## The data:
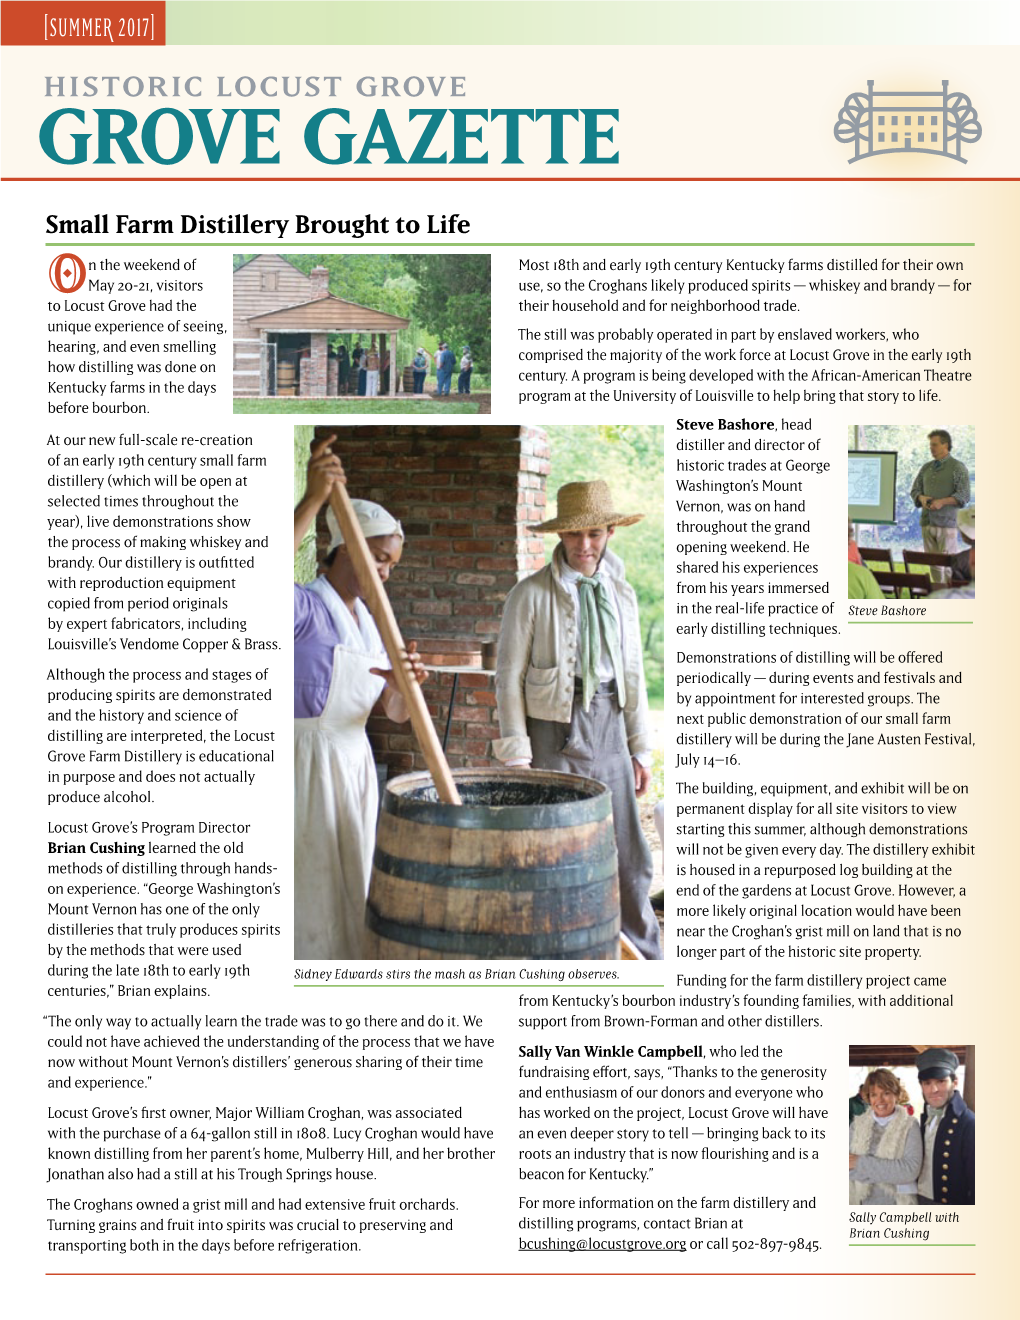 Grove Gazette
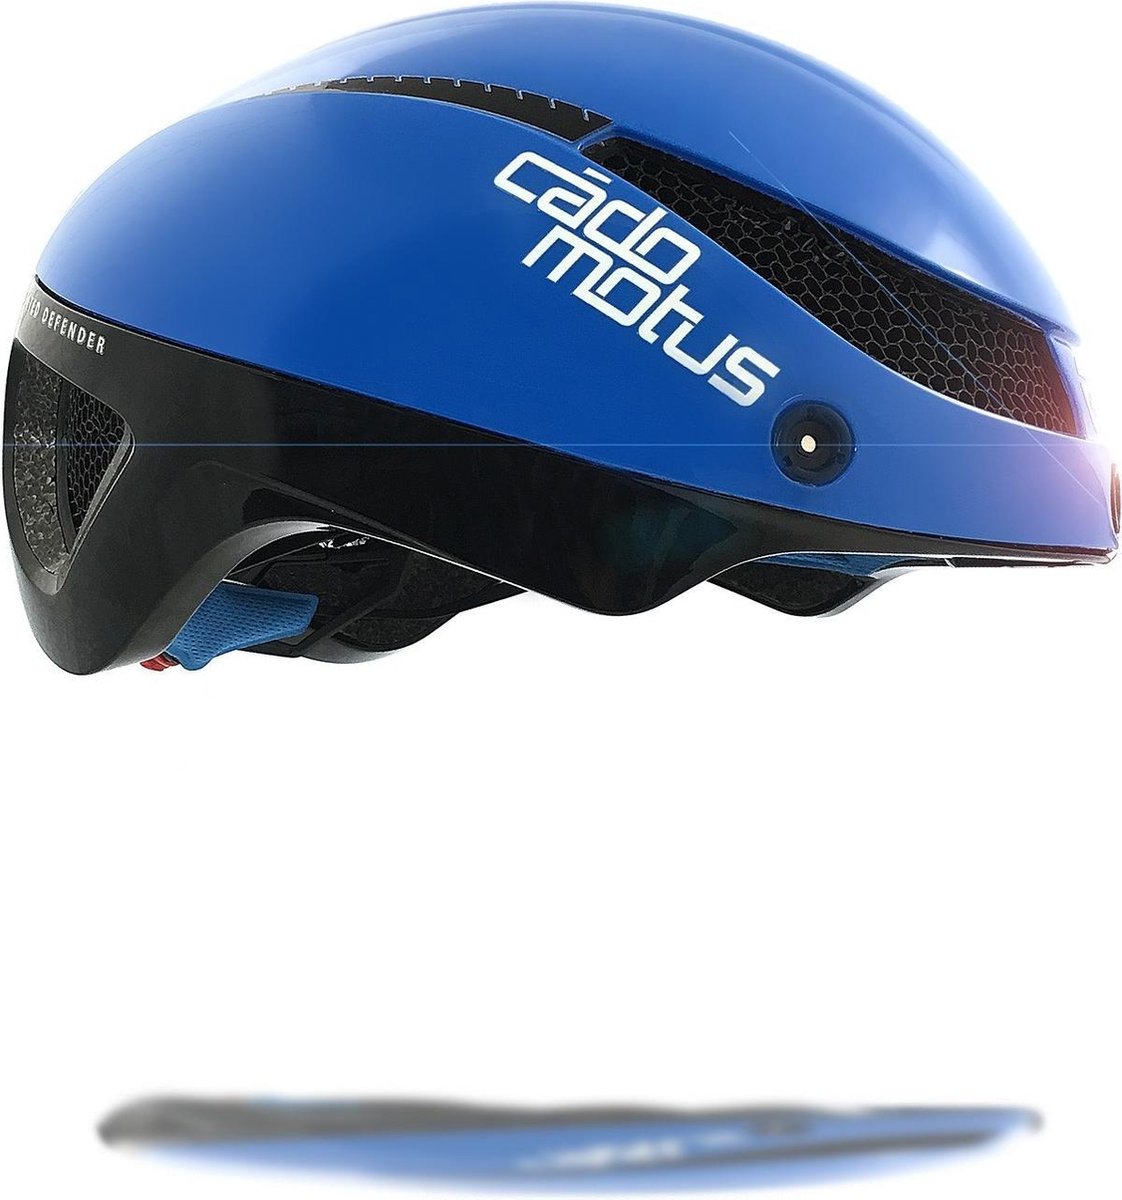 CADOMOTUS Omega Aero Helm | Professionele Aerodynamische Helm | Schaatshelm | Fietshelm | Triathlonhelm | Ultra Licht & Lage weerstand | Voor Volwassenen | Maat M (54 - 57 cm) Blauw | Vizier Optioneel
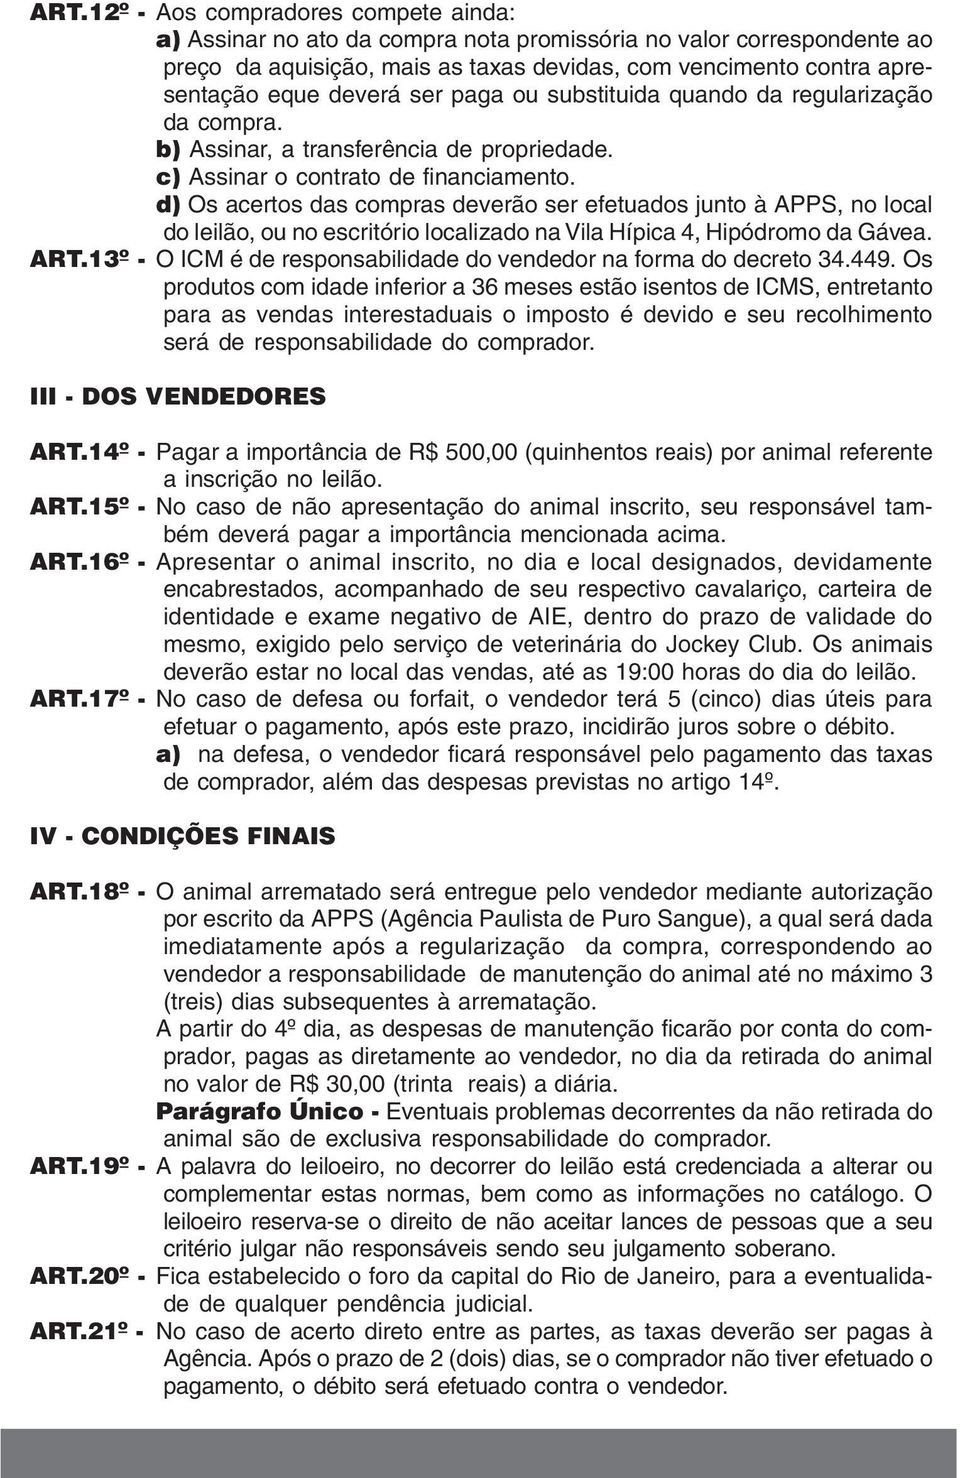 d) Os acertos das compras deverão ser efetuados junto à APPS, no local do leilão, ou no escritório localizado na Vila Hípica 4, Hipódromo da Gávea. ART.
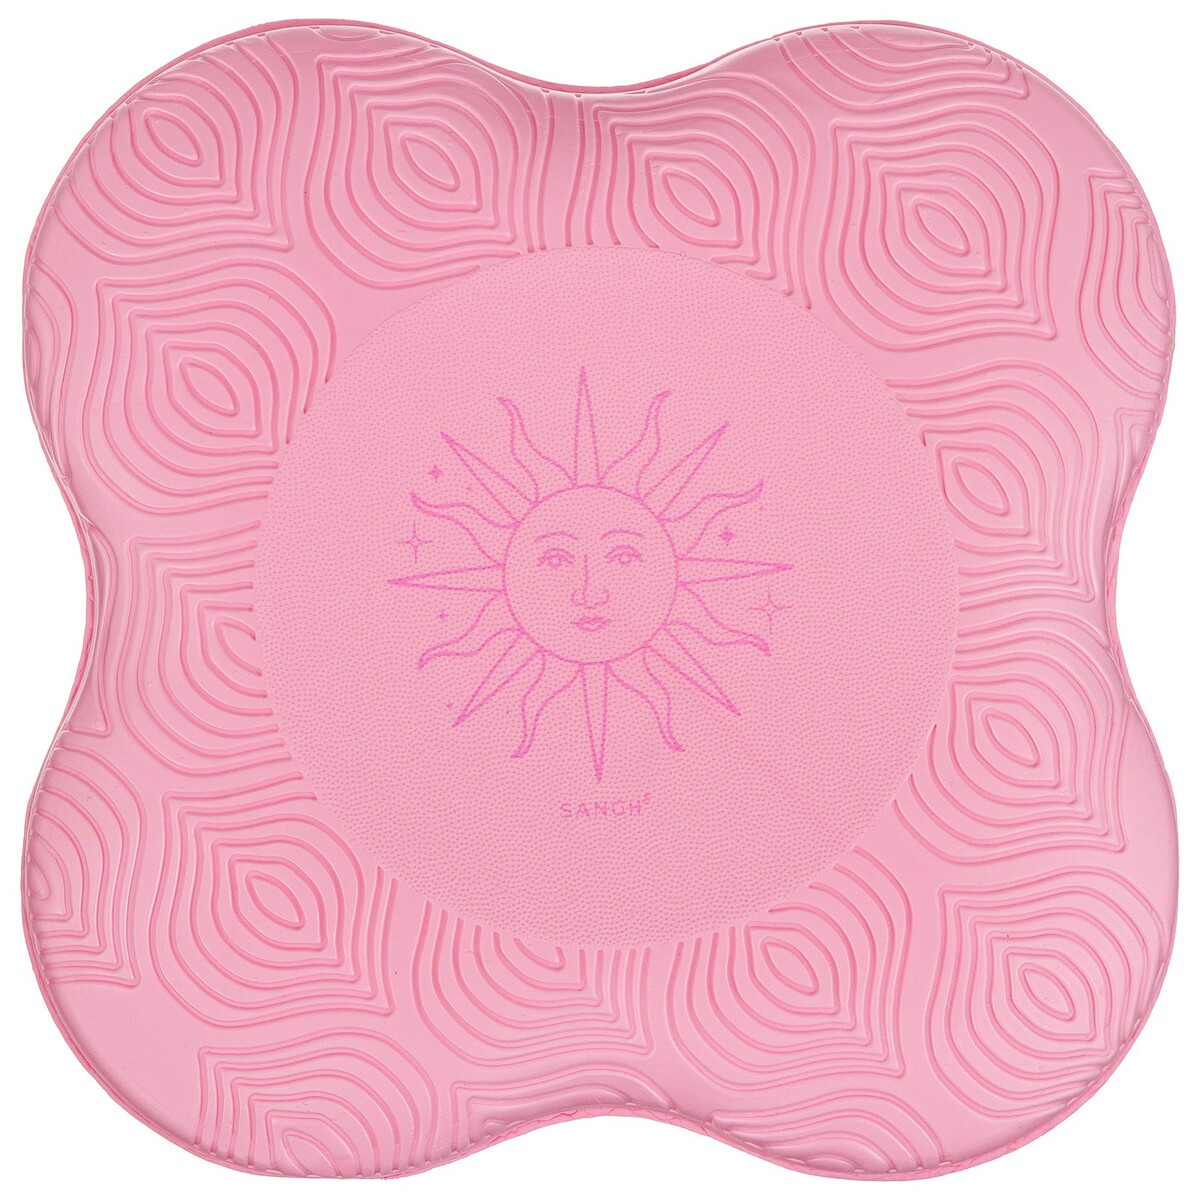 Коврик под колени для йоги sangh sun, 20х20 см, цвет розовый коврик гимнастический airex fitline140pi розовый

## Task objective:
Give again, word for word, the lines above from the first one through the one containing "CADOMOTUS Omega Aero"; no pictures.

## Completed task:
 Grove Gazette
 CADOMOTUS Omega Aero Helm | Professionele Aerodynamische Helm | Schaatshelm | Fietshelm | Triathlonhelm | Ultra Licht & Lage weerstand | Voor Volwassenen | Maat M (54 - 57 cm) Blauw | Vizier Optioneel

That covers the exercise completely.